TASK INPUTS ▸
--------------------

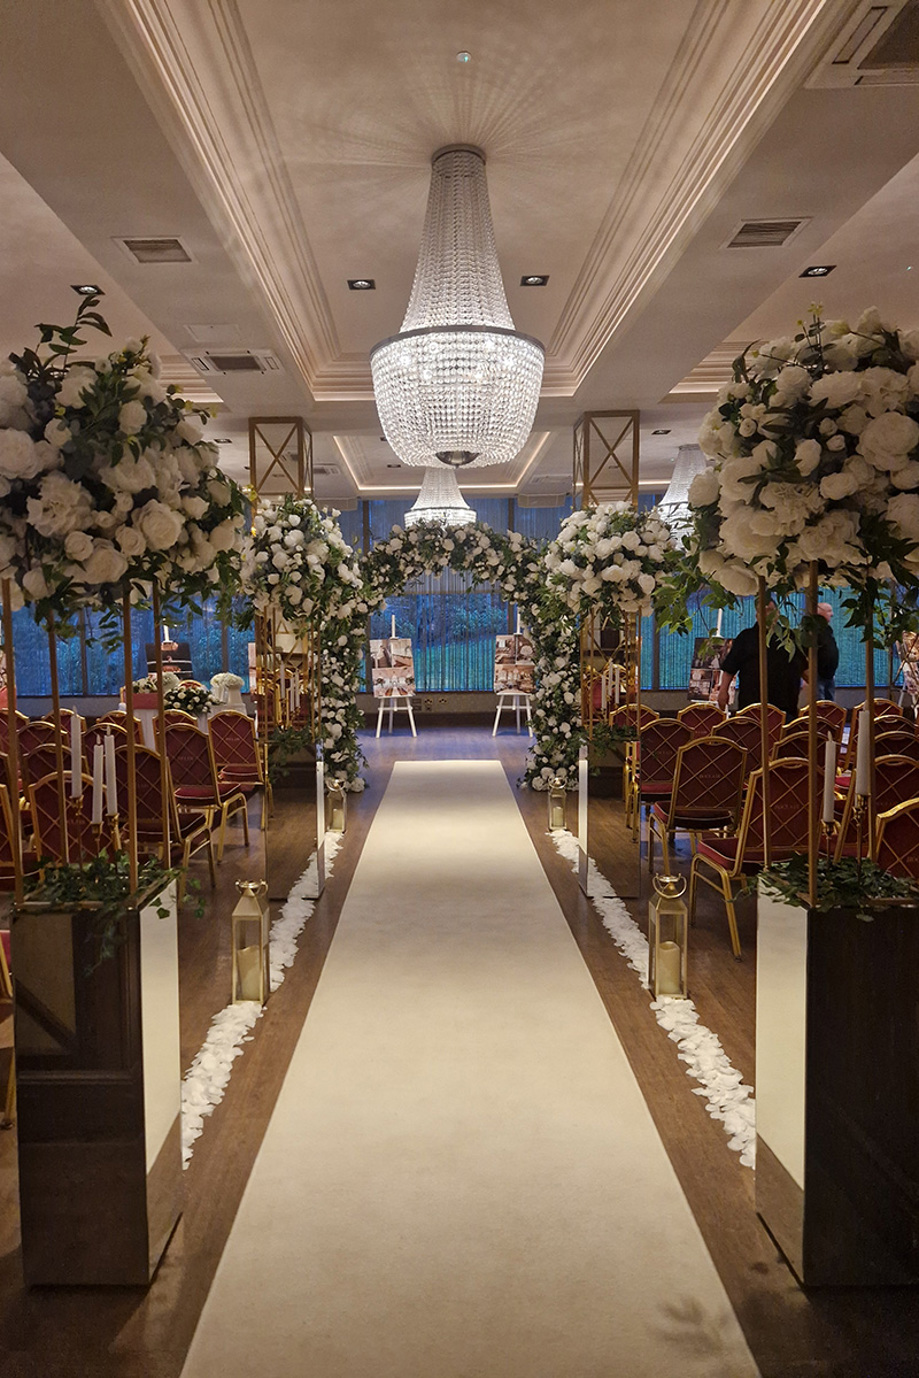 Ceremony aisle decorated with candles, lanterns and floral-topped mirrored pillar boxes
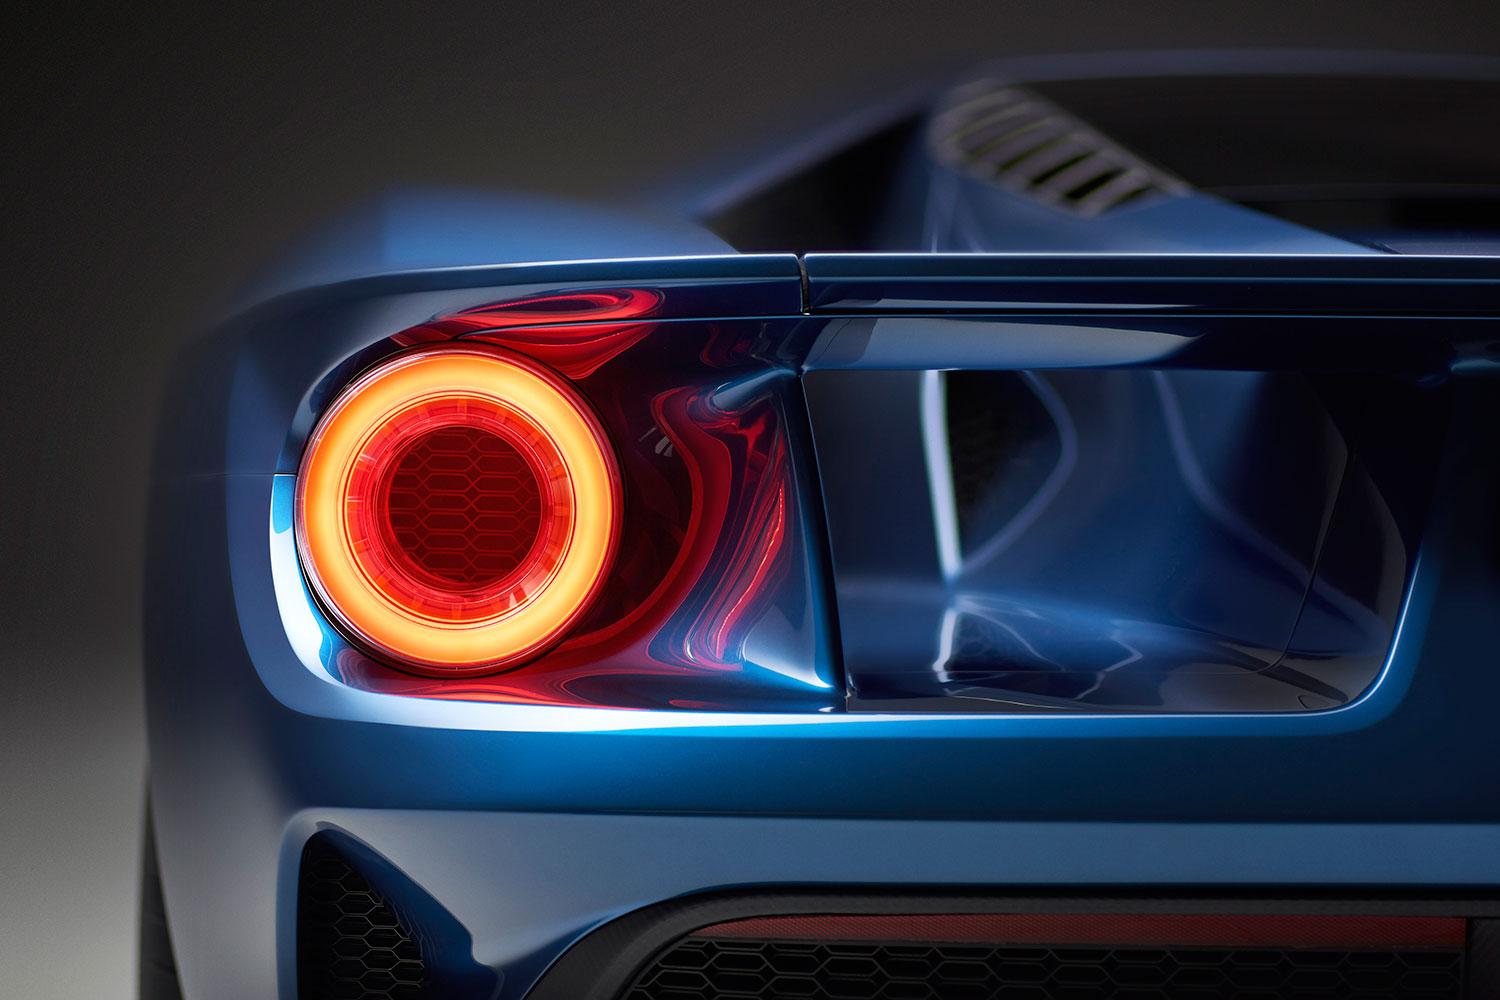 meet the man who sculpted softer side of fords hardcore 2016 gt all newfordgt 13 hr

--------------------

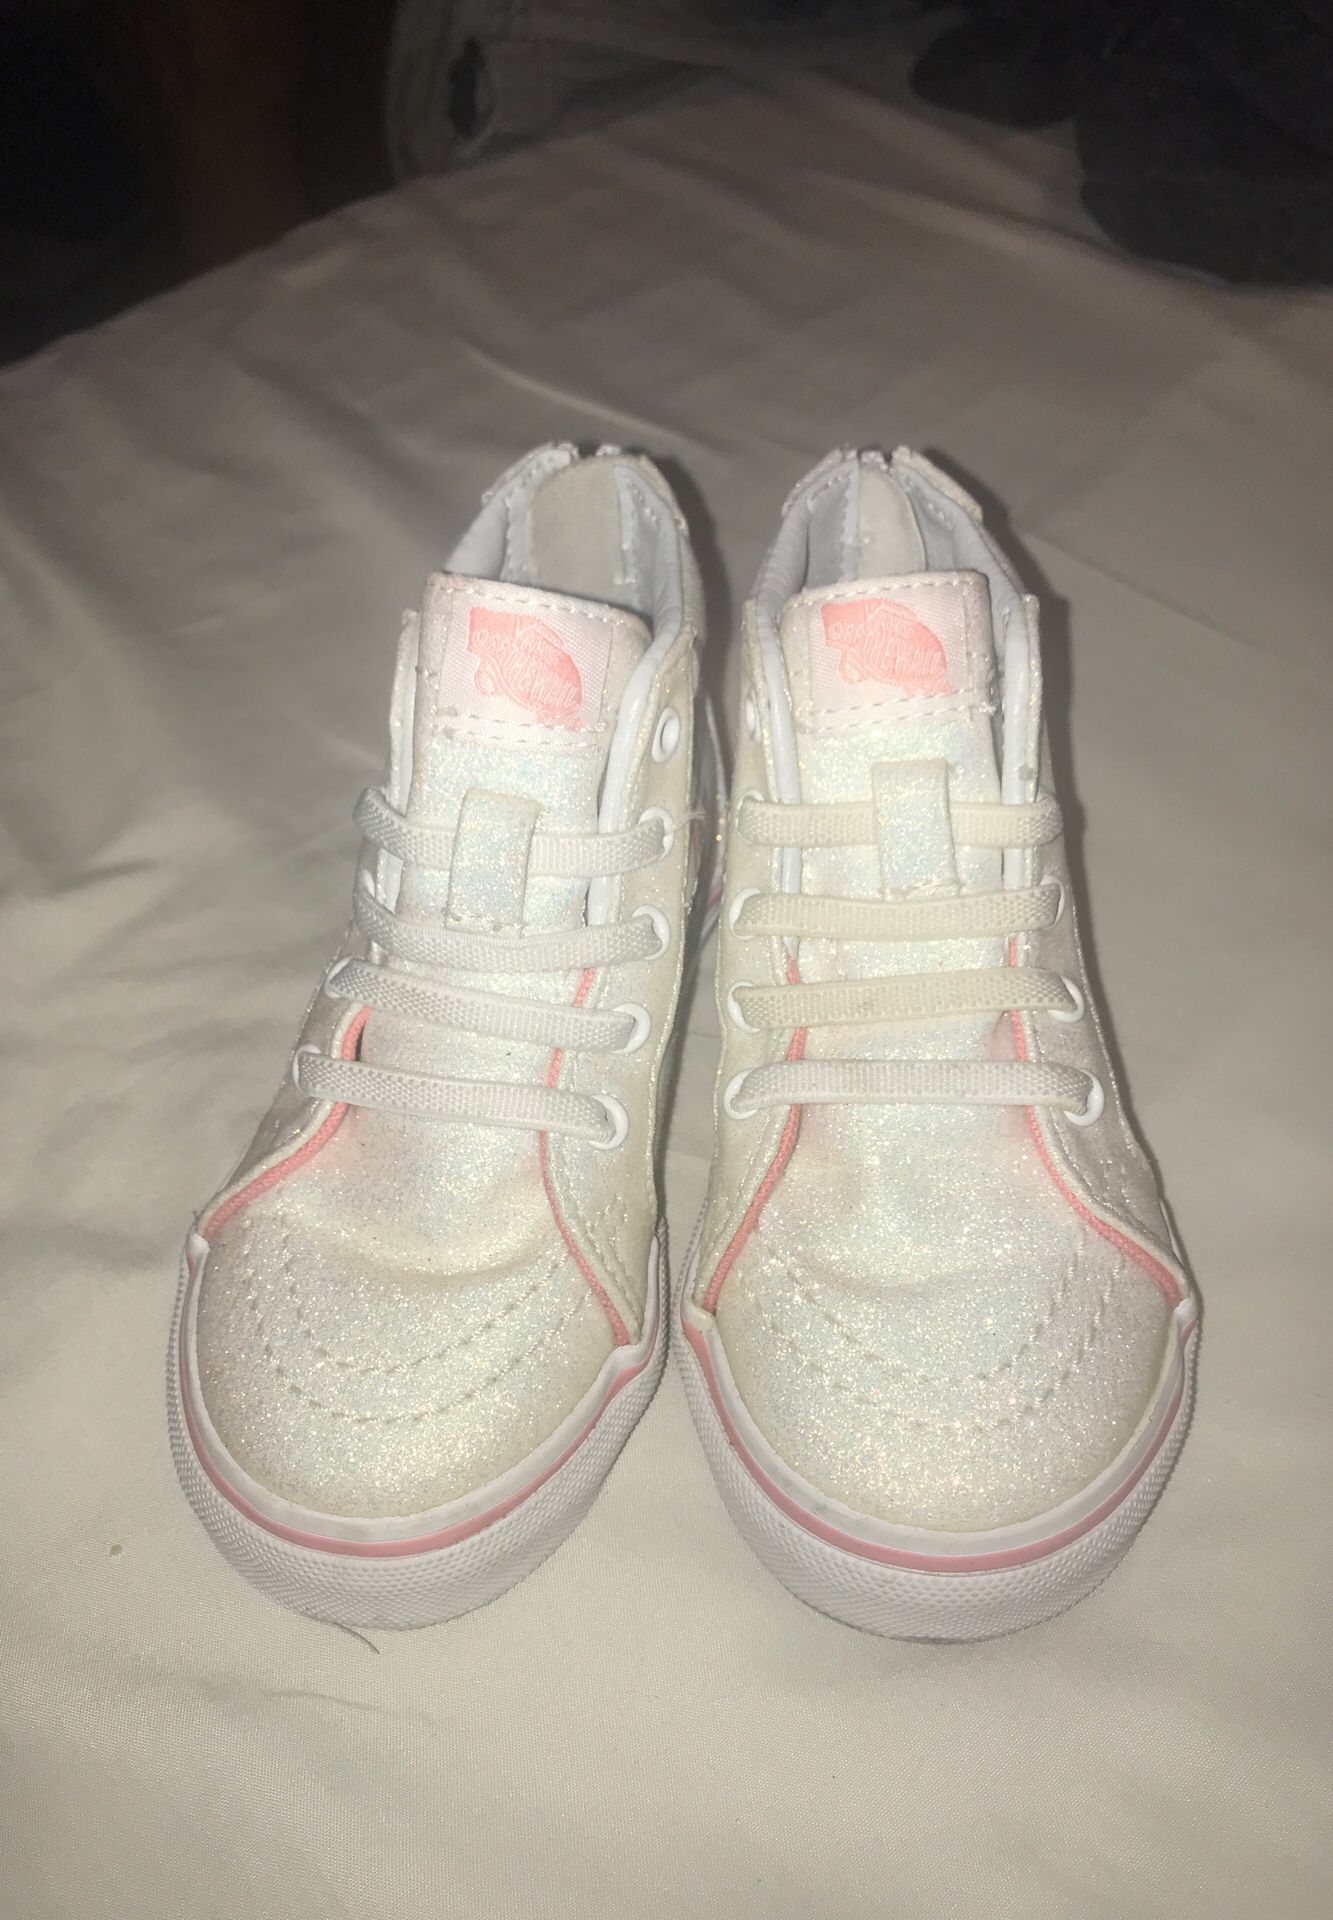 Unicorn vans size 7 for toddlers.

--------------------

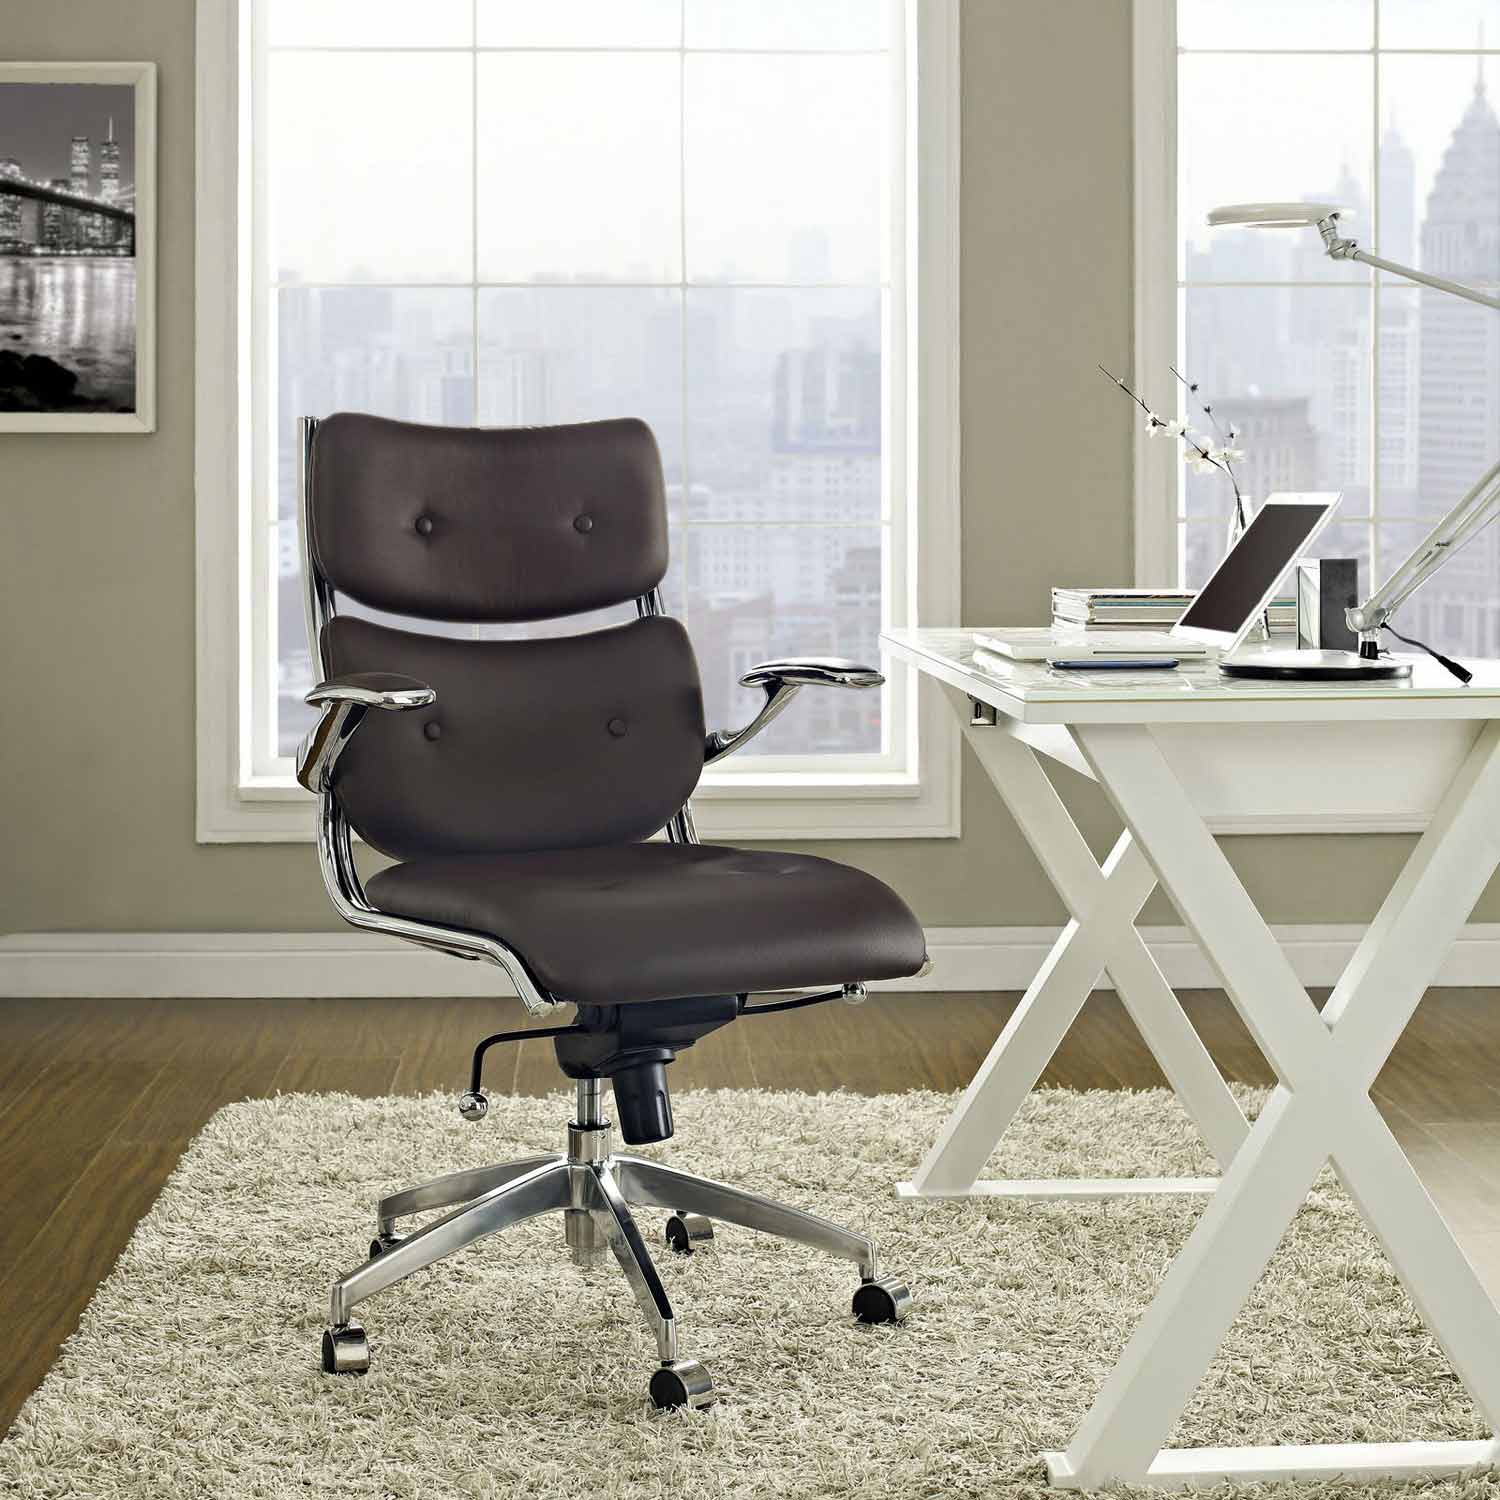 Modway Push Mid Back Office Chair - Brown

--------------------

PROBLEM DETAILS ▸ From the records above, extract the lines from the one holding "Ceremony aisle decorated" through the one holding "meet the man", word for word; omit the pictures.

ANSWER TO THIS TASK ▸
 Ceremony aisle decorated with candles, lanterns and floral-topped mirrored pillar boxes
 meet the man who sculpted softer side of fords hardcore 2016 gt all newfordgt 13 hr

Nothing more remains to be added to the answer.